The RetrieveAndGenerate operation only allows a single user message to be part of the request. Unlike the ChatCompletions operation, it is not supported to send a history of messages to the model.

The history can be enabled using the SessionId parameter on the RetrieveAndGenerateRequest_Extension entity. By reusing the same SessionId value, the model will run in the context of the session.

4.2.1.4 Image Generation

The Image Generation operation can be used to generate one or more images. This operation corresponds to the ImageGeneration_AmazonBedrock microflow. Currently Amazon Titan Image Generator G1 is the only supported model for image generation of the Amazon Bedrock Connector.

The input and output for this service are shown in the table below:

Input Output
UserPrompt (String), AmazonBedrockConnection (object), GenAICommons.ImageOptions (object) GenAICommons.Response (object)

GenAICommons.ImageOptions can be an empty object. If provided, it allows you to set additional options for Image Generation.

GenAICommons.ImageOptions can be created by using the Image: Create Options operation of GenAI Commons.

To retrieve actual image objects from the response, the Image: Get Generated Image (Single) or Image: Get Generated Images (List) helper operations from GenAICommons can be used.

For Titan Image models, the Image Generation: Add Titan Image Extension operation can be used to configure Titan image-specific values (currently only NegativeText).

4.2.1.5 Embeddings (single string)

The Embeddings (single string) activity can be used to generate an embedding vector for a given input string with one of the Cohere Embed models or Titan Embeddings v2. This operation corresponds to the Embeddings_SingleString_AmazonBedrock microflow.

The input and output for this service are shown in the table below:

Input Output
InputText, AmazonBedrockConnection, GenAICommons.EmbeddingsOptions (optional) GenAICommons.EmbeddingsResponse

For Cohere Embed and Titan Embeddings, the request can be associated to their respective EmbeddingsOptions extension object which can be created with the Embeddings Options: Add Cohere Embed Extension or Embeddings Options: Add Titan Embeddings Extension operation. Through this extension, it is possible to tailor the operation to more specific needs. This operation can easily be replaced or combined with the Embeddings (single string) operation inside of the OpenAI connector.

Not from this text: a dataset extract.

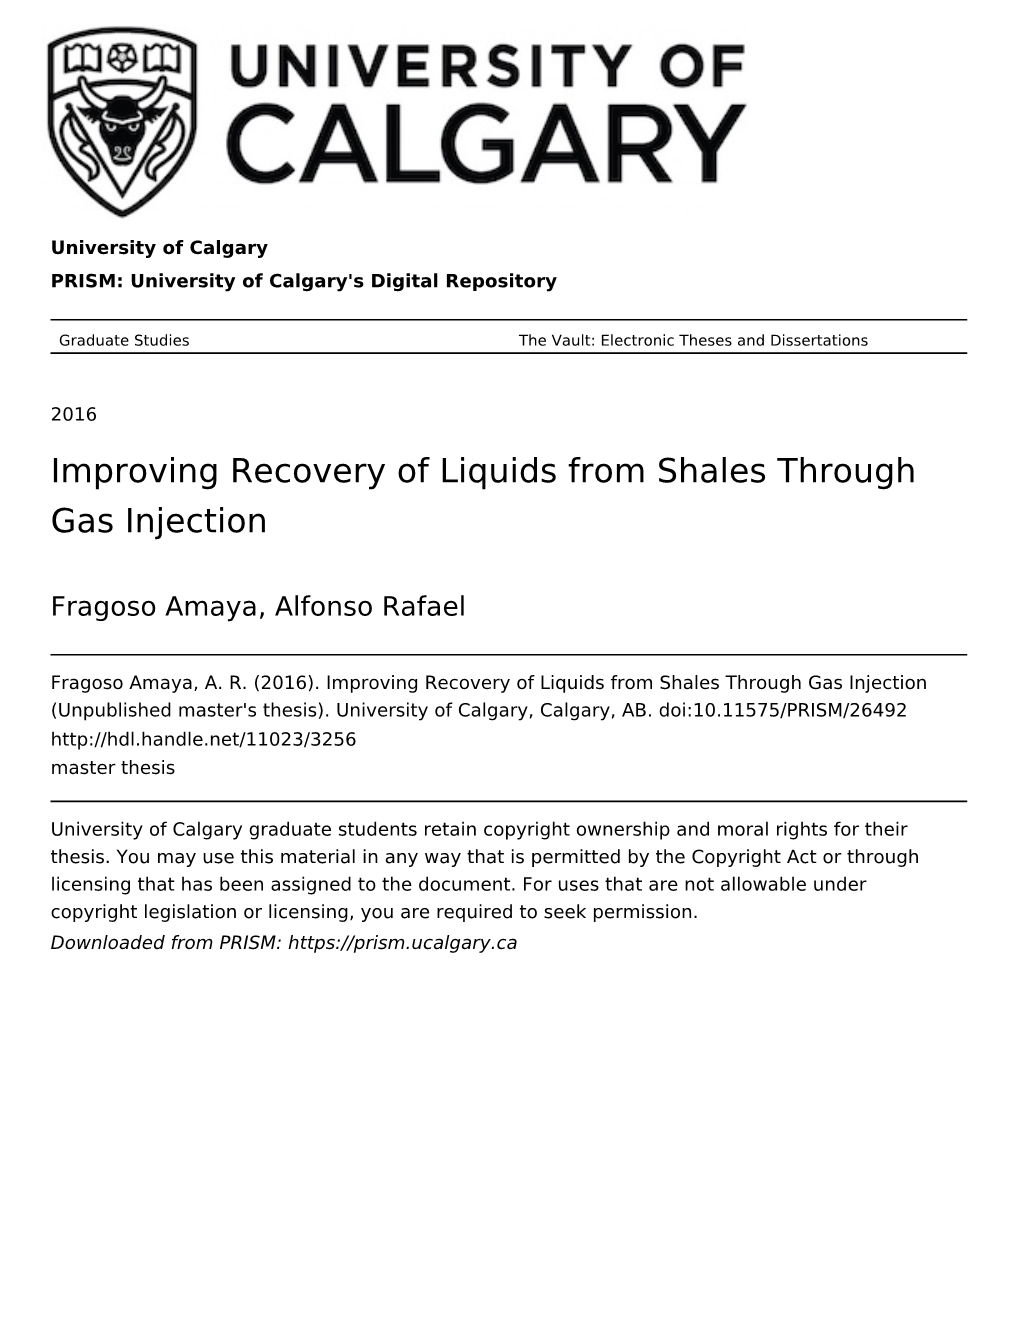 Improving Recovery of Liquids from Shales Through Gas Injection

Currently, embeddings are available for the Cohere Embed family and or Titan Embeddings v2.

4.2.1.6 Embeddings (chunk collection)

The Embeddings (chunk collection) activity can be used to generate a collection of embedding vectors for a given collection of text chunks with one of the Cohere Embed models or Titan Embeddings v2. This operation corresponds to the Embeddings_ChunkCollection_AmazonBedrock microflow.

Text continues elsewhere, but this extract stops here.